Lecturer: Prof. Hrvoje Jasak
This course is teaching you how to be an efficient programmer and a
valued member of a team: organisation, programming and “software management skills”. I will be teaching within the UNIX OS environment, with an “old-fashioned” setup: shell, editor, debug tool, self-contained libraries, compiled code
Lectures:
- Your computer infrastructure
– know your computer: what is available
– CPU, cache 700 GiB/s (level 1), 200 GB/s Cache 2 memory 10 GB/s , disk (storage device) 100-200 MB/s (2 GB/s max). Adding complexity slows down the memory hierarchy
– data access speed and considerations: what can I afford to do? Adding complexity slows down the memory hierarchy Latency and bandwidth are two metrics associated with caches
– fetching data from memory in pages
– filing system layout: A file system provides a way of separating the data on the drive into individual pieces, which are the files. It also provides a way to store data and retrieve data associated with files: filenames, permissions, size, access time, other attributes. Journaled, non-journaled, RAID. Filing systems as disk, tape, transactional database.
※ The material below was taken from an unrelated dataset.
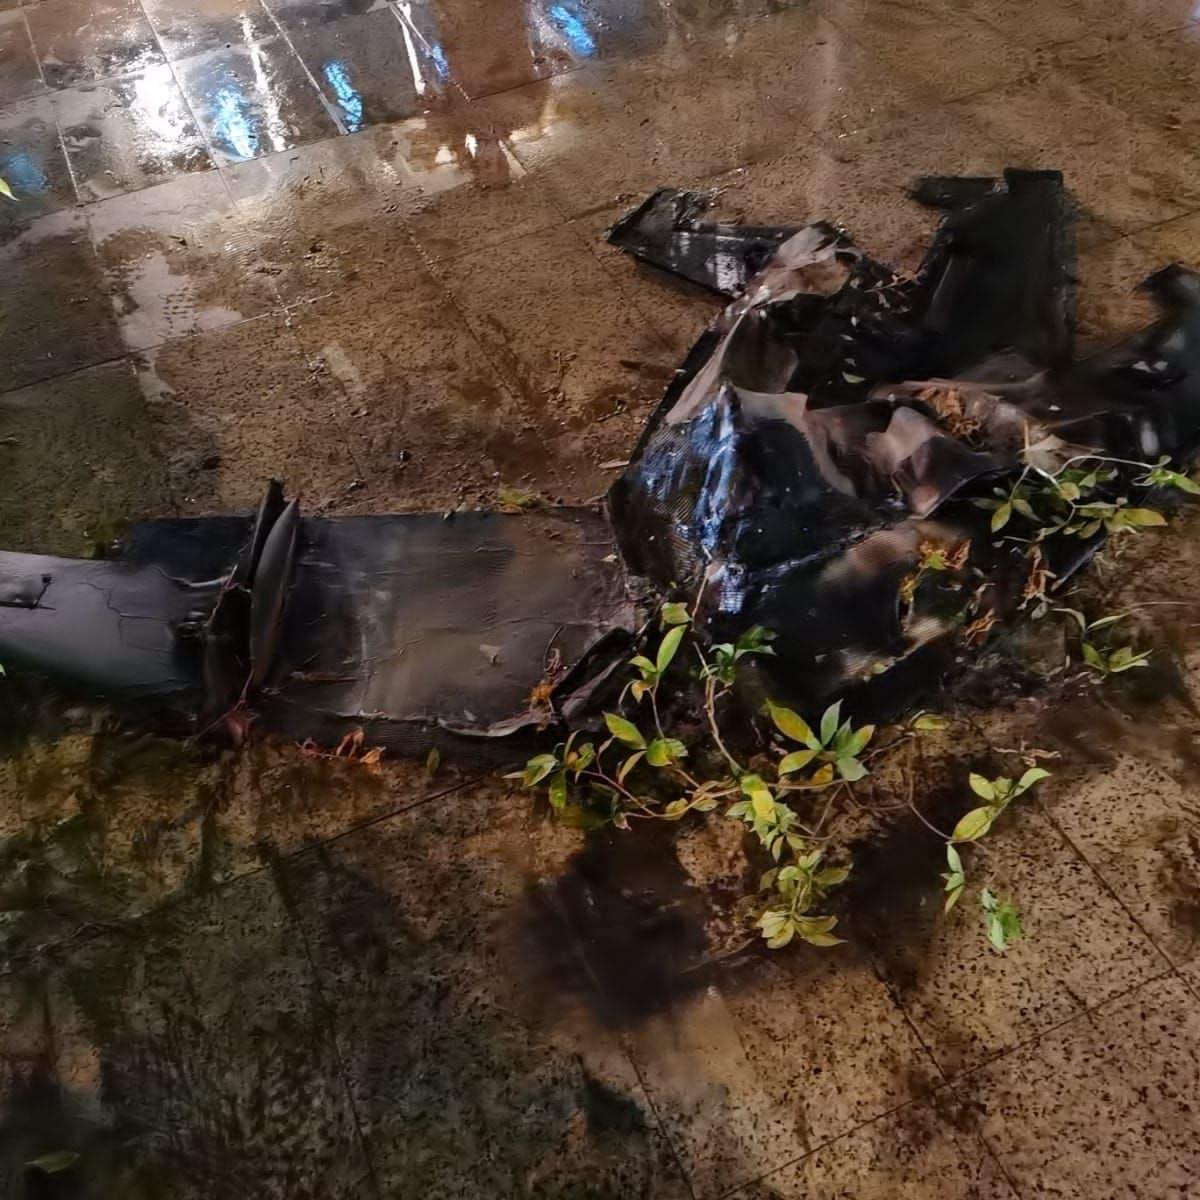 التحالف: مسيرة حوثية تسقط 10 جرحى بمطار جازان.. واعتراض أخرى

File locking and concurrency control. HPC and distributed filing systems. memory controller hub, known as the northbridge
– realistic layout of a network and communication speed. Bandwidth of processors: Intel Xeon 3200 12800 MB/s, PCI-Express link: 16 BT/s (gigatransfers per second)
– parallel computing; shared memory, distributed memory architecture
– distributed memory communication speed: Infiniband. Adapter latency 0.5 mu s, throughput 120-200 Gb/s
– GPUs and vector computers; vectorisation, pipelining - UNIX Working Environment
– computer science is about humans: computers handle the data in a much more efficient manner
– operating system commands: shell environment, startup files. Automate and customise your shell (as you use it a lot!)
– env, $SHELL, uname
– redirection and paths: executable and library paths.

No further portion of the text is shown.